For cpu=3 the shell forks, execs "oncpu -c 3 $$" (which is pinned to
CPU#1), this one calls the device driver which gets a read_lock of
tasklist_lock. Then set_cpus_allowed() wakes up migration_CPU1 which
migrates the shell to CPU#3. When migration_CPU1 finishes, it reactivates
the "oncpu" process (which was running on CPU#1) but the currently running
process is "run_job.sh" on CPU#1. This one forks and spinlocks on
tasklist_lock, which it will never get because "oncpu" never gets the
chance to read_unlock(&tasklist_lock).
So the problem is that it is not guaranteed that the task calling
set_cpus_allowed() will run right after migration_task() finished its
job.
How about raising the priority in set_cpus_allowed() before the
down(&req.sem);
and resetting it afterwards? Would this help?

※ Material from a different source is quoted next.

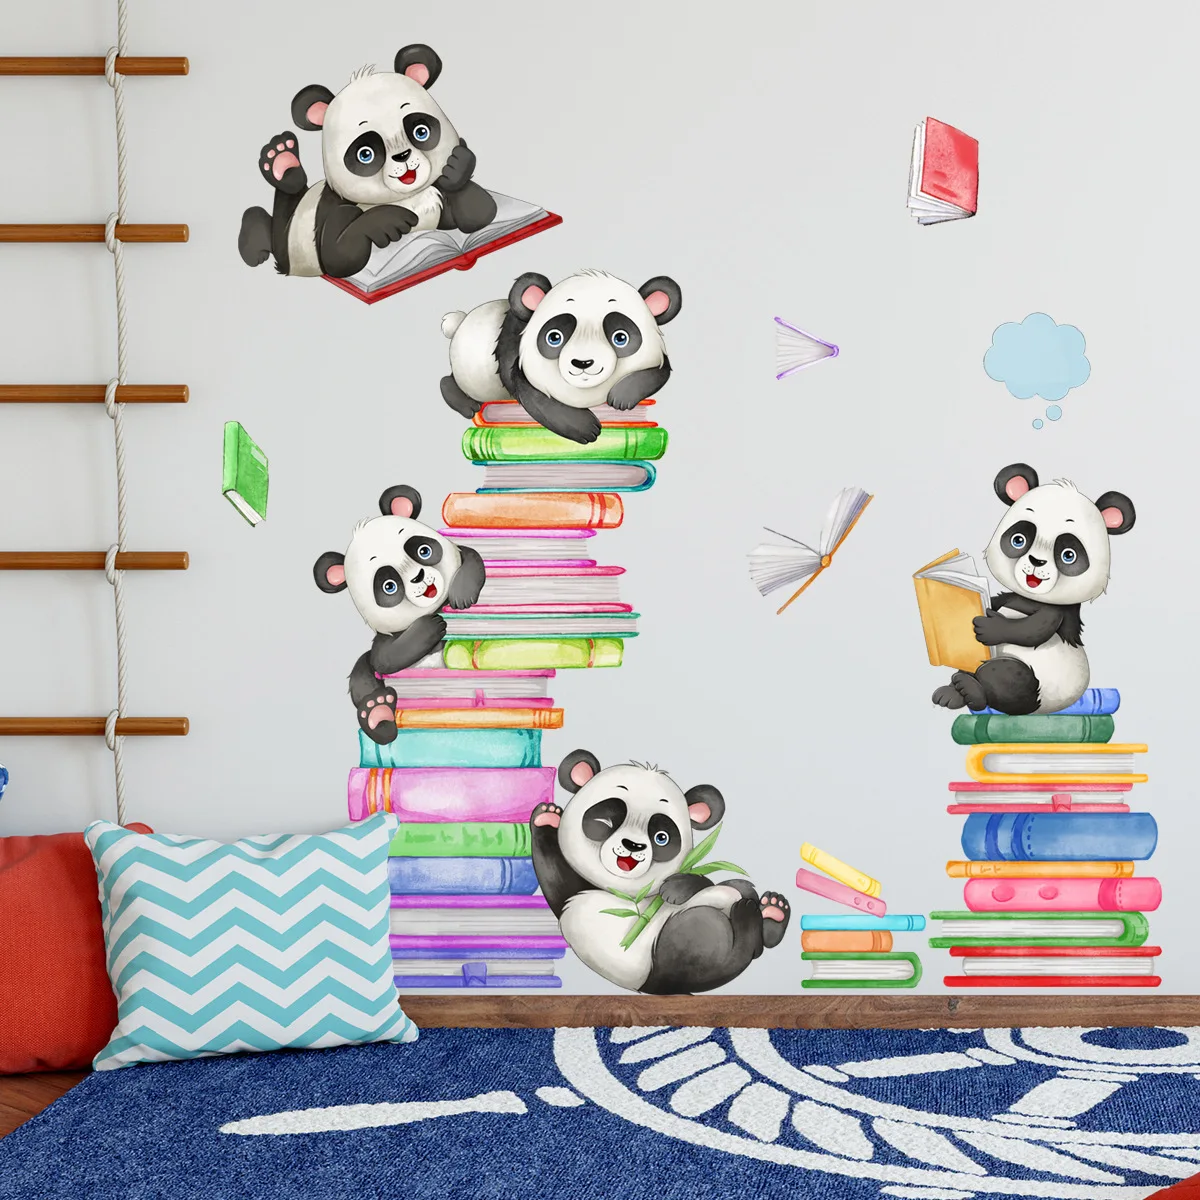 2pcs Animal Panda Book Cartoon Wall Stickers Dormitory Background Wall Home Decoration Wall Stickers Mural Wallpaper Ms6263 30 90cm green plant potted butterfly wall stickers background wall living room home decoration wall stickers wallpaper ms2317

Another possible solution would be to take care of the validity of the
task inside set_cpus_allowed(), i.e. pass it a pid as argument, lock the
tasklist there and unlock it in migration_task().
Any ideas, comments?
Best regards,
Erich
> Any ideas, comments?
You could just use get_task_struct/free_task_struct and drop the read lock
to make sure the target doesn't go way
-Andi
On Fri, 5 Apr 2002, Andi Kleen wrote:
> You could just use get_task_struct/free_task_struct and drop the read lock
> to make sure the target doesn't go way
Thanks! That solves my problem. So maybe Ingo just extends the comment to
set_cpus_allowed() to warn from holding the tasklist_lock such that others
don't run into the same problem.
Regards,
Erich